Король Артур смотрел на тестя, и взгляд его постепенно концентрировался.
– Понимаешь? – счастливо говорил президент и даже ковырнул носком потертого «казака» асфальт. – Дорога! Куда повернешь – там и будущее, что за спиной – то и прошлое. Это дорога! Она вообще, если хочешь, вне пространства-времени и даже вне твоего дерьмового прошлого-будущего, у нее своя метафизика. Ну, куда пойдем?
– На Запад, – сказал король Артур. И они пошли. Через полкилометра они хрипло и немного не в унисон запели «Yesterday…»
Это был тот самый миг, когда заходящее солнце последним лучом озаряло родные равнины.
СнобыДети есть вид уродства. Что-то растущее, меняющееся. Постоянно попадаешь в дурацкое положение – говоришь с ним, как со взрослым – не из высокоумных педагогических соображений, а сналету, машинально. Вдруг видишь – а у него еще мозги не выросли. С другой стороны, пожалуй, только глядя на детей, понимаешь кое-что про человека. От остановившихся взрослых вообще тошнит. Дети вместе со взрослыми – наиболее приятное разуму сочетание. В любом варианте: маленькие дети – старенькие взрослые, недавние взрослые и догоняющие их дети…

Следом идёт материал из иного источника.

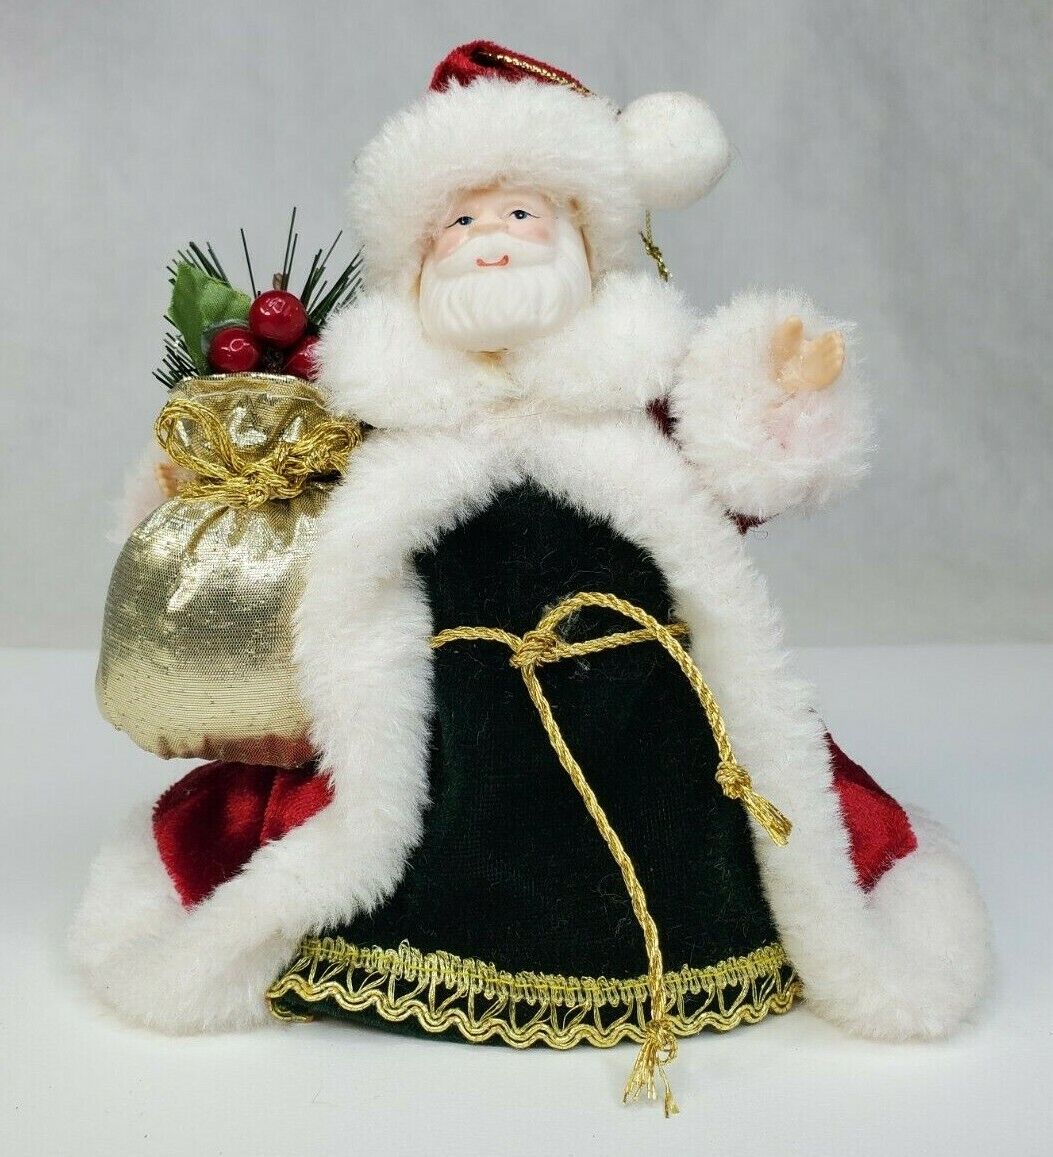 Christmas Ornament Santa Claus
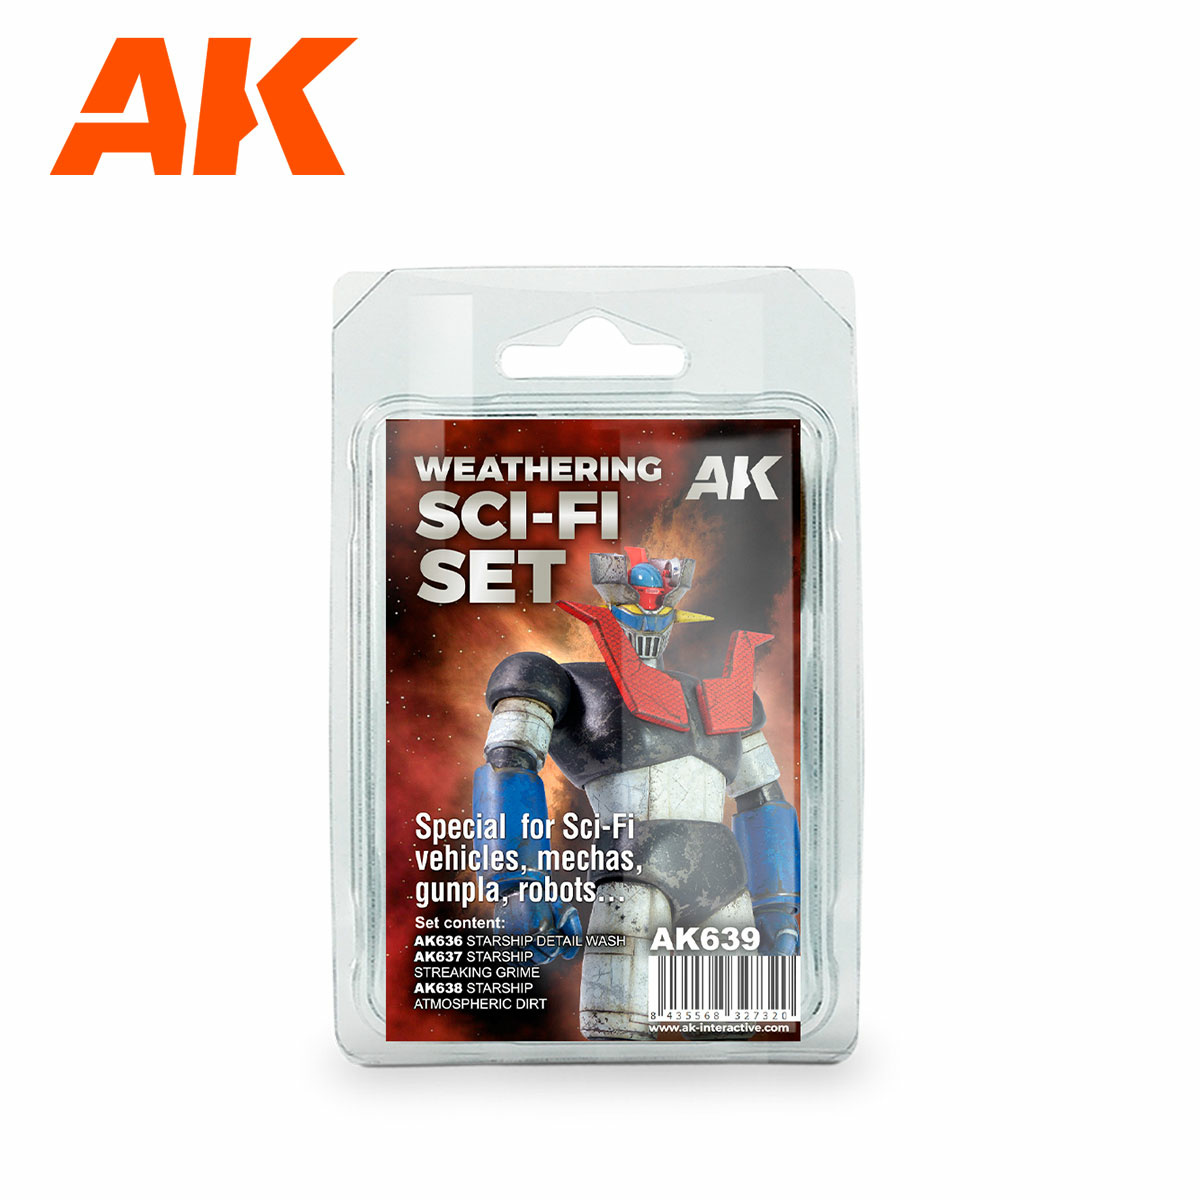 AK639 AK Interactive Science Fiction Set for Weathering / Weathering Sci Fi Set

Еще хороши в этом смысле влюбленные. Там тоже никакой остановленности. Там под бесконечно длящимся единым мигом – ужас подобия. Любовь проходит, когда догадываешься, что у других так же точно. А ты-то думал – только у вас! Отсюда и уникальность, и восторг. Любовь – это восторг. Когда же начинается компаративистика– все, the end. Оказывается, куда бы вы ни ступили, постоянно попадаете в схему. Все описано, воспето, ужас какой-то. Ужас подобия. Ты смотришь на него (на нее) – ой! Что-то мне все это напоминает.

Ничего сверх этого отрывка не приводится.